• MATERIAL PROVIDED:
◇ ◇ ◇ ◇

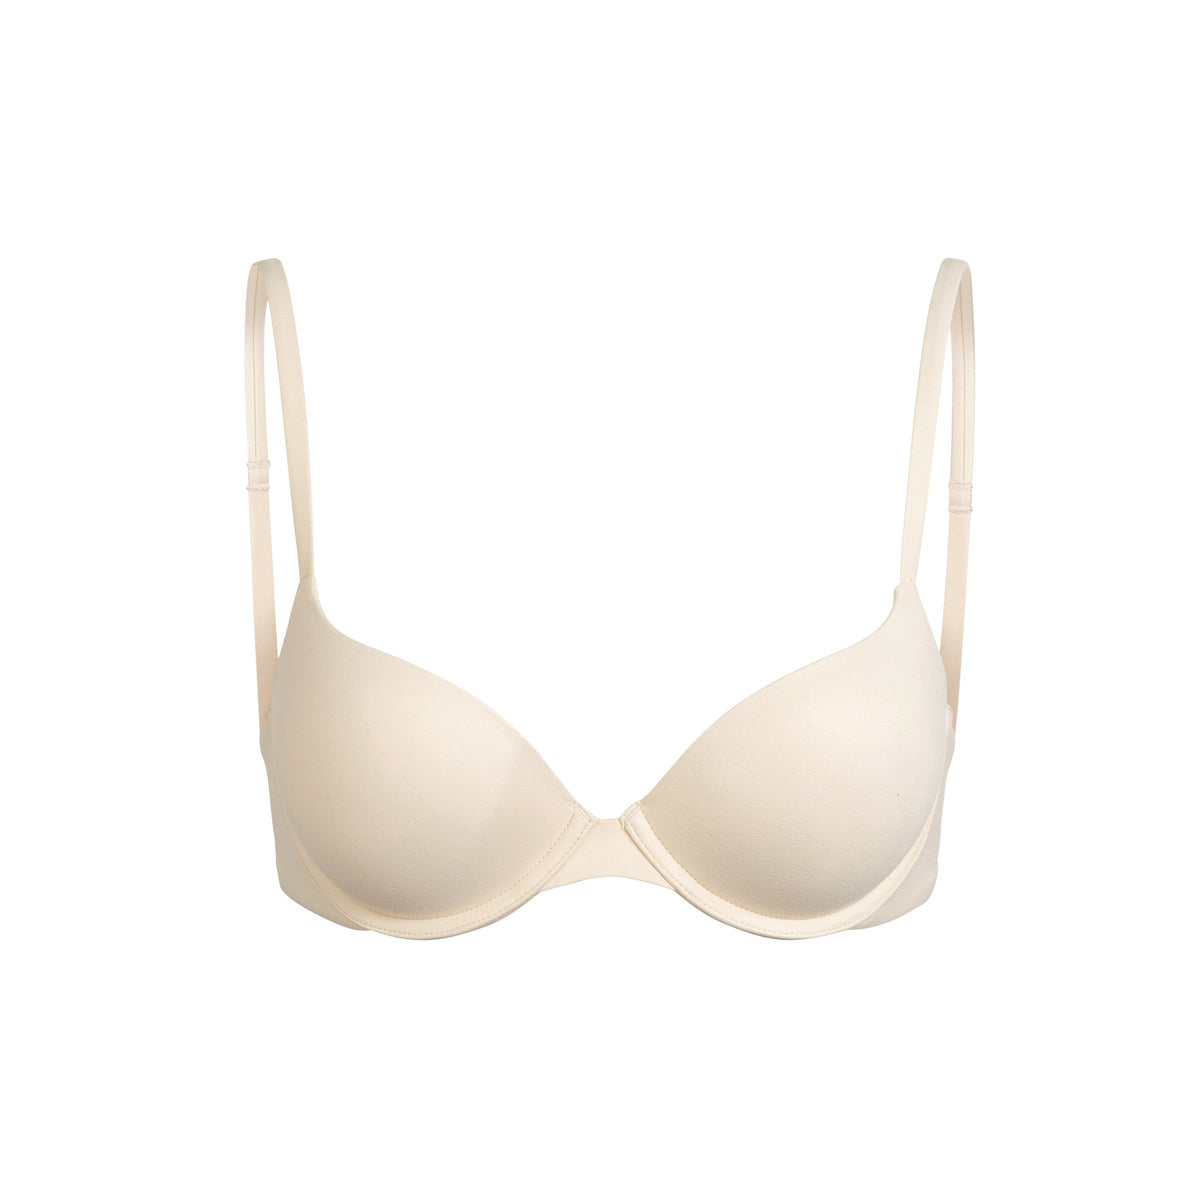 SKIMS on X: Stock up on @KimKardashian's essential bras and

◇ ◇ ◇ ◇

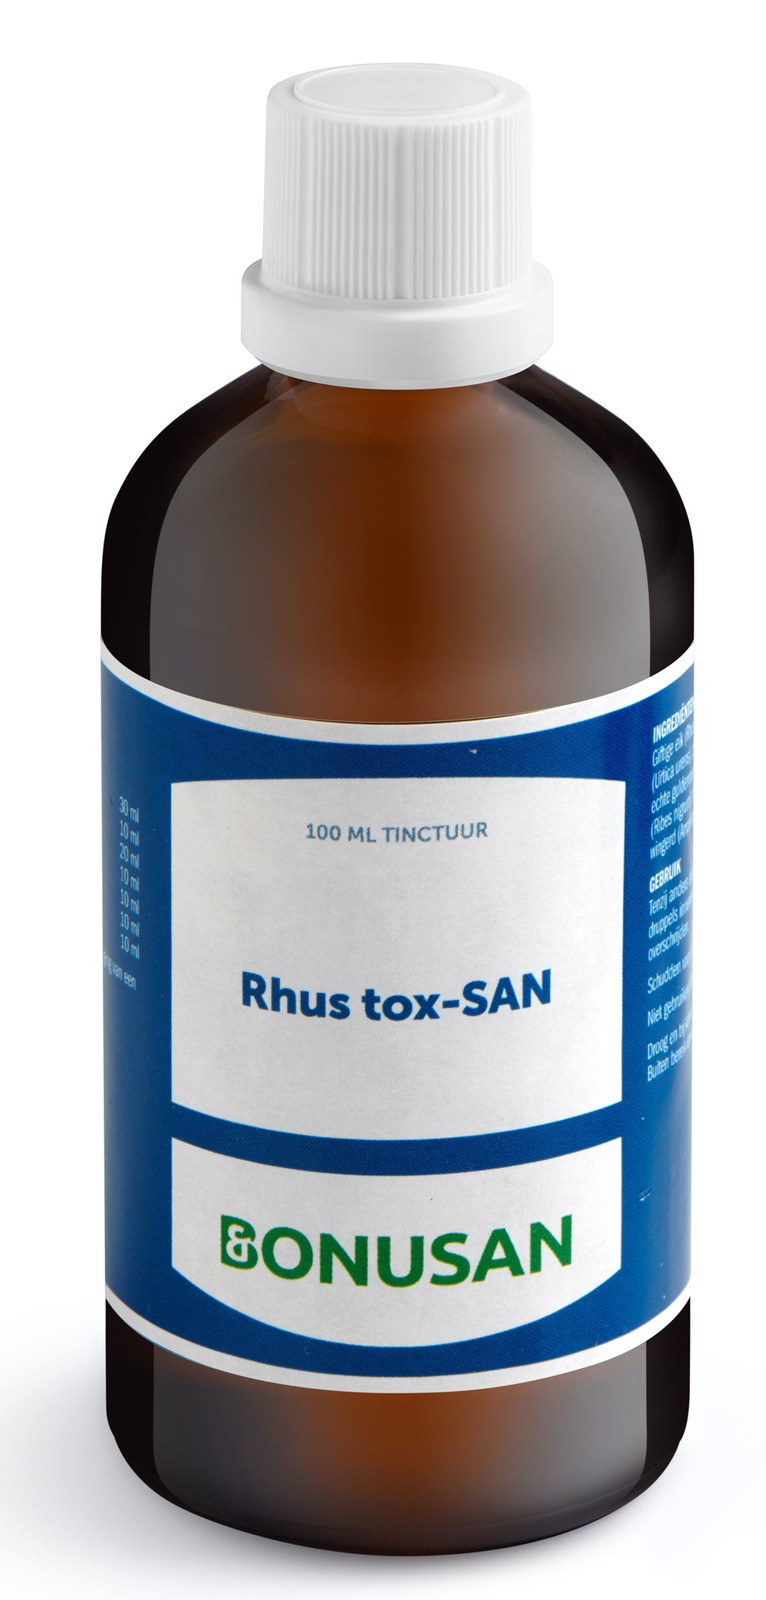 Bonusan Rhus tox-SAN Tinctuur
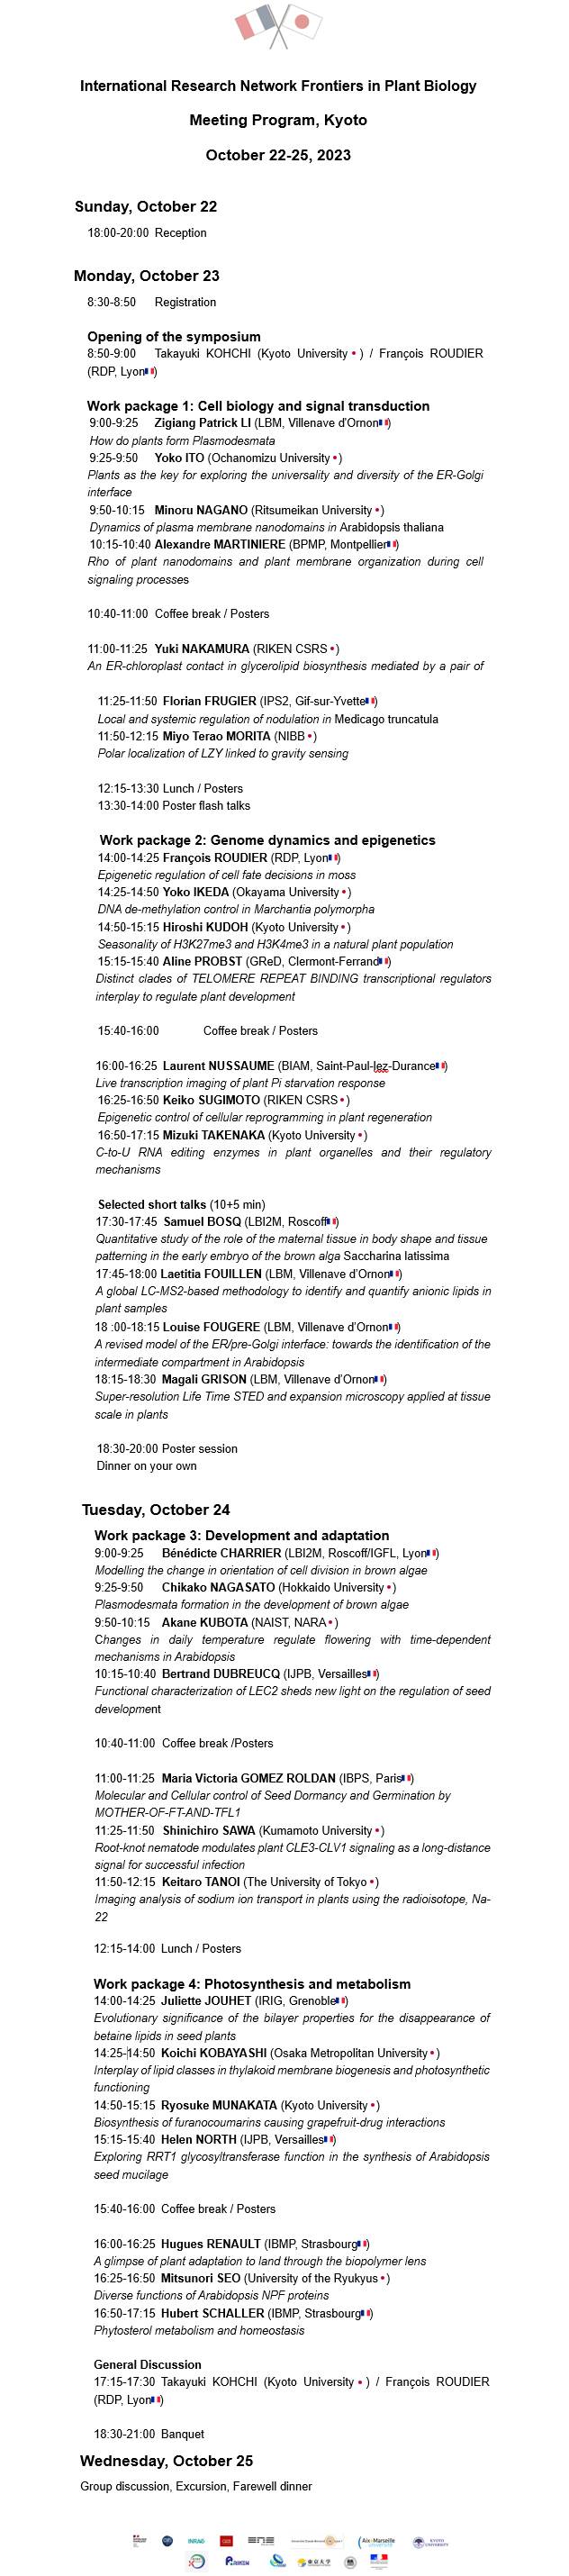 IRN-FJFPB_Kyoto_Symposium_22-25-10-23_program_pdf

◇ ◇ ◇ ◇

• YOUR ASSIGNMENT: Word for word, repeat the lines above from the one with "Bonusan Rhus tox-SAN Tinctuur" through the one with "IRN-FJFPB_Kyoto_Symposium_22-25-10-23_program_pdf", and nothing beyond them. Omit the pictures.

• OUTPUT FOR THIS EXERCISE:
 Bonusan Rhus tox-SAN Tinctuur
 IRN-FJFPB_Kyoto_Symposium_22-25-10-23_program_pdf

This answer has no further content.